With budgets getting tighter with the down economy Comodo has been a cost effective option for multiple computers, but if this keeps happing I might have to think about switching to another software (do not want to, I would like to continue to use Comodo).  Can someone tell me if Comodo is working on this or even aware of what this virus can do, I know someone at Comodo is aware of this virus to some degree because Comodo detects it on manual and scheduled scans?

[d194700]

I think you should try to use flash disinfector in order to overcome this. You can find out how to remove virus recycler here. Also, I have heard kaspersky also is good for this if you can have.

Try autorun eater too if you are not satisfactory with these solutions.

[Ringman]

And you need to remove a path "Recycle?" in scanner excluding in comodo too.

[Philee]

A friend of mine had once exactly the same virus.
I booted into Ubuntu & deleted the infected files and no more problems.

[dunerunner68]

Petit:
We had already removed "Recycler" from the exclusion path, weeks before posting, but thanks for replying.
Philee:
We can remove the infections, it is re-infection that is the issue, and Comodo's real-time scanning is not catching the infection.  Eraser an open source program deletes the infections even if the programs are locked in the recycler; it does a good job at deletion.
d194700:
The link you gave, once I went there and clicked on the USB flash disinfector, the site drove my popup blocker crazy and locked my computer up, so I will not be going back there.  Kaspersky is a resource hog and I will never use it again, Eset is better than Kaspersky and uses less resources but is expensive.

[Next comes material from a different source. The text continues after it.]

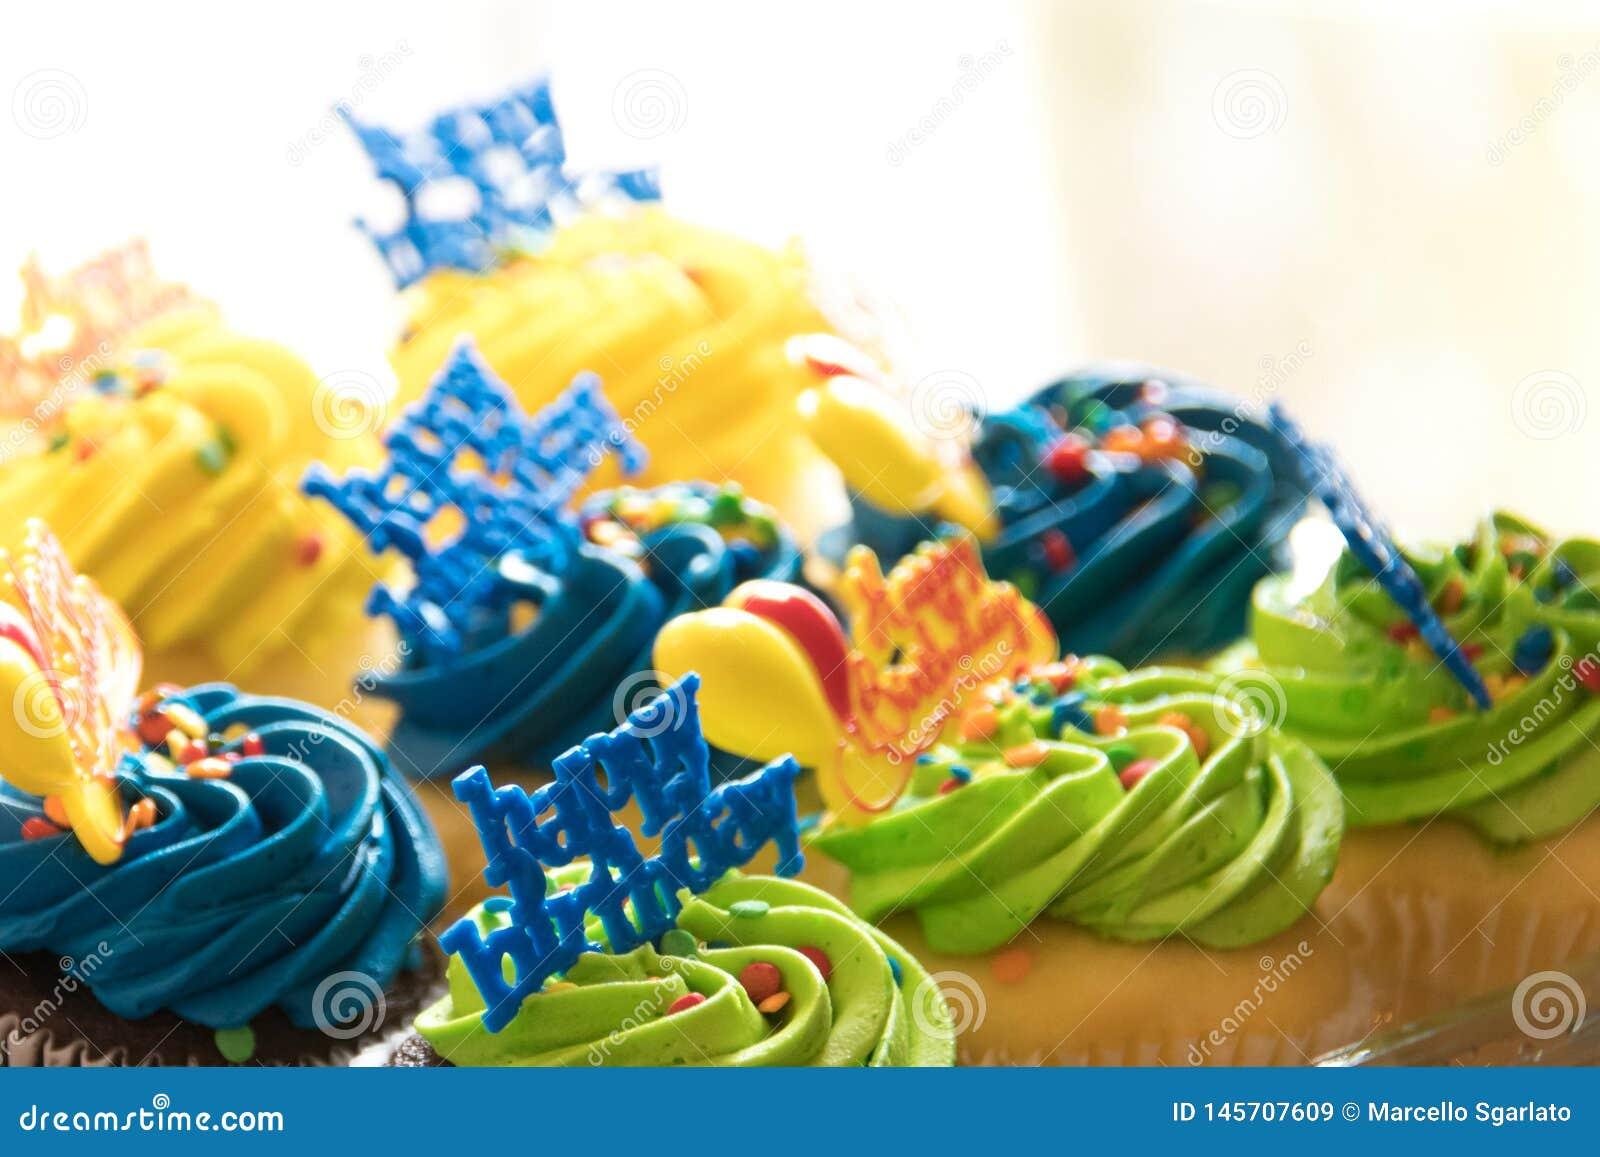 8 queques coloridos do feliz aniversario orlararam com confetes pasteis polvilham

 Main problem is these computers are used by many individuals for various purposes (mainly studies) thereby flash drives are inserted all day long from different environments, which makes it hard to control, and flash drive use cannot be avoided.  Eset's IS suite catches this virus with its real-time scanner but is very expensive.  Comodo's real-time scanner is not catching it, but Comodo's scheduled and manual scanner is catching it, as stated in the original post above, in between scheduled scans a machine can pick up the virus again from an infected USB drive and infect other USB drives that are inserted.  This is done even if autorun is disabled, by opening files on the flash drive.  We have done several-controlled test with samples of this virus, we find that this virus is resourceful but inconsistent in its behavior.  The only solid temporary solution (and we cannot use shareware solutions only licensed or open source programs) is to make an autorun.inf file on your USB drives root path and make it read only and hidden.  This prevents any infections from passing the executable parts, although, the recycler still gets xop32.exe installed it is harmless without the viruses modified executable and batch files and can be easily deleted.  The problem is we cannot force people to do this, we are also trying a scheduled task that deletes recycler contents every 30mins until someone at Comodo figures out how to catch this infection with the real-time scanner or our budgets get approved to upgrade to a commercial AV or IS (not likely though). 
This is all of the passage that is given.